» TASK DIRECTIONS:
The full set of entries should be repeated without a single change.

(Data records)
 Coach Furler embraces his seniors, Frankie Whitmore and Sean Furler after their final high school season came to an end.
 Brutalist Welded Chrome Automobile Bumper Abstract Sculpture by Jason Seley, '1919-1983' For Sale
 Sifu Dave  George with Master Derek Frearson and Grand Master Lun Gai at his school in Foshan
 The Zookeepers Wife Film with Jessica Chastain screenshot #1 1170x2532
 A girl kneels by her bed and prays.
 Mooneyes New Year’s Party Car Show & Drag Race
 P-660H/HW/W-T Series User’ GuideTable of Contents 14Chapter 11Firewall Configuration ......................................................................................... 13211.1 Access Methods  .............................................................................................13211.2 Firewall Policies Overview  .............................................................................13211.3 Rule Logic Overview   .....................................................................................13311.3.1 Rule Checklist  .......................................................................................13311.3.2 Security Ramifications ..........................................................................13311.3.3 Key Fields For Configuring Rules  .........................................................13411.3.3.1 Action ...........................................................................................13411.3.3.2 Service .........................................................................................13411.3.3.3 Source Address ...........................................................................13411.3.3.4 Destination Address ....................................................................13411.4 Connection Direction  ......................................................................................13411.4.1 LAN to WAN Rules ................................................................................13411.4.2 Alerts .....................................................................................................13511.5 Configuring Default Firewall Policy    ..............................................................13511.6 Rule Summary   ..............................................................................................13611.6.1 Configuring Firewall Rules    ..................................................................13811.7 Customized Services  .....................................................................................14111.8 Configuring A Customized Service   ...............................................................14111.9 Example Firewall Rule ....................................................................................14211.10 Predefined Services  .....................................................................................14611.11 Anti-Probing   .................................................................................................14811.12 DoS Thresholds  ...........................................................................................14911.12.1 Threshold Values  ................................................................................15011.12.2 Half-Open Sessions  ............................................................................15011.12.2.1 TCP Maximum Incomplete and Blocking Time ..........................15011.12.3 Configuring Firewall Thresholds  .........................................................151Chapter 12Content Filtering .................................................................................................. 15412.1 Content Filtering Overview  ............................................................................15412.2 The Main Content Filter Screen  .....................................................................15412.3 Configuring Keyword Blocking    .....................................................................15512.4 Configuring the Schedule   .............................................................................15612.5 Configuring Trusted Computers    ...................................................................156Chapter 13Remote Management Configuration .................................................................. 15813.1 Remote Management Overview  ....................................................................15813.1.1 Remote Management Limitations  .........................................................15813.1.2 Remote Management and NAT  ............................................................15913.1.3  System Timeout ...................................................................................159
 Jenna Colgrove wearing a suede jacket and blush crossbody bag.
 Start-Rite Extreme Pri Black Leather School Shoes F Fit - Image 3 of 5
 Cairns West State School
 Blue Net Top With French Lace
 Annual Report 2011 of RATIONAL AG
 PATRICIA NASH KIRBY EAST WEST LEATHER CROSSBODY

» SOLUTION TO THE EXERCISE:
 Coach Furler embraces his seniors, Frankie Whitmore and Sean Furler after their final high school season came to an end.
 Brutalist Welded Chrome Automobile Bumper Abstract Sculpture by Jason Seley, '1919-1983' For Sale
 Sifu Dave  George with Master Derek Frearson and Grand Master Lun Gai at his school in Foshan
 The Zookeepers Wife Film with Jessica Chastain screenshot #1 1170x2532
 A girl kneels by her bed and prays.
 Mooneyes New Year’s Party Car Show & Drag Race
 P-660H/HW/W-T Series User’ GuideTable of Contents 14Chapter 11Firewall Configuration ......................................................................................... 13211.1 Access Methods  .............................................................................................13211.2 Firewall Policies Overview  .............................................................................13211.3 Rule Logic Overview   .....................................................................................13311.3.1 Rule Checklist  .......................................................................................13311.3.2 Security Ramifications ..........................................................................13311.3.3 Key Fields For Configuring Rules  .........................................................13411.3.3.1 Action ...........................................................................................13411.3.3.2 Service .........................................................................................13411.3.3.3 Source Address ...........................................................................13411.3.3.4 Destination Address ....................................................................13411.4 Connection Direction  ......................................................................................13411.4.1 LAN to WAN Rules ................................................................................13411.4.2 Alerts .....................................................................................................13511.5 Configuring Default Firewall Policy    ..............................................................13511.6 Rule Summary   ..............................................................................................13611.6.1 Configuring Firewall Rules    ..................................................................13811.7 Customized Services  .....................................................................................14111.8 Configuring A Customized Service   ...............................................................14111.9 Example Firewall Rule ....................................................................................14211.10 Predefined Services  .....................................................................................14611.11 Anti-Probing   .................................................................................................14811.12 DoS Thresholds  ...........................................................................................14911.12.1 Threshold Values  ................................................................................15011.12.2 Half-Open Sessions  ............................................................................15011.12.2.1 TCP Maximum Incomplete and Blocking Time ..........................15011.12.3 Configuring Firewall Thresholds  .........................................................151Chapter 12Content Filtering .................................................................................................. 15412.1 Content Filtering Overview  ............................................................................15412.2 The Main Content Filter Screen  .....................................................................15412.3 Configuring Keyword Blocking    .....................................................................15512.4 Configuring the Schedule   .............................................................................15612.5 Configuring Trusted Computers    ...................................................................156Chapter 13Remote Management Configuration .................................................................. 15813.1 Remote Management Overview  ....................................................................15813.1.1 Remote Management Limitations  .........................................................15813.1.2 Remote Management and NAT  ............................................................15913.1.3  System Timeout ...................................................................................159
 Jenna Colgrove wearing a suede jacket and blush crossbody bag.
 Start-Rite Extreme Pri Black Leather School Shoes F Fit - Image 3 of 5
 Cairns West State School
 Blue Net Top With French Lace
 Annual Report 2011 of RATIONAL AG
 PATRICIA NASH KIRBY EAST WEST LEATHER CROSSBODY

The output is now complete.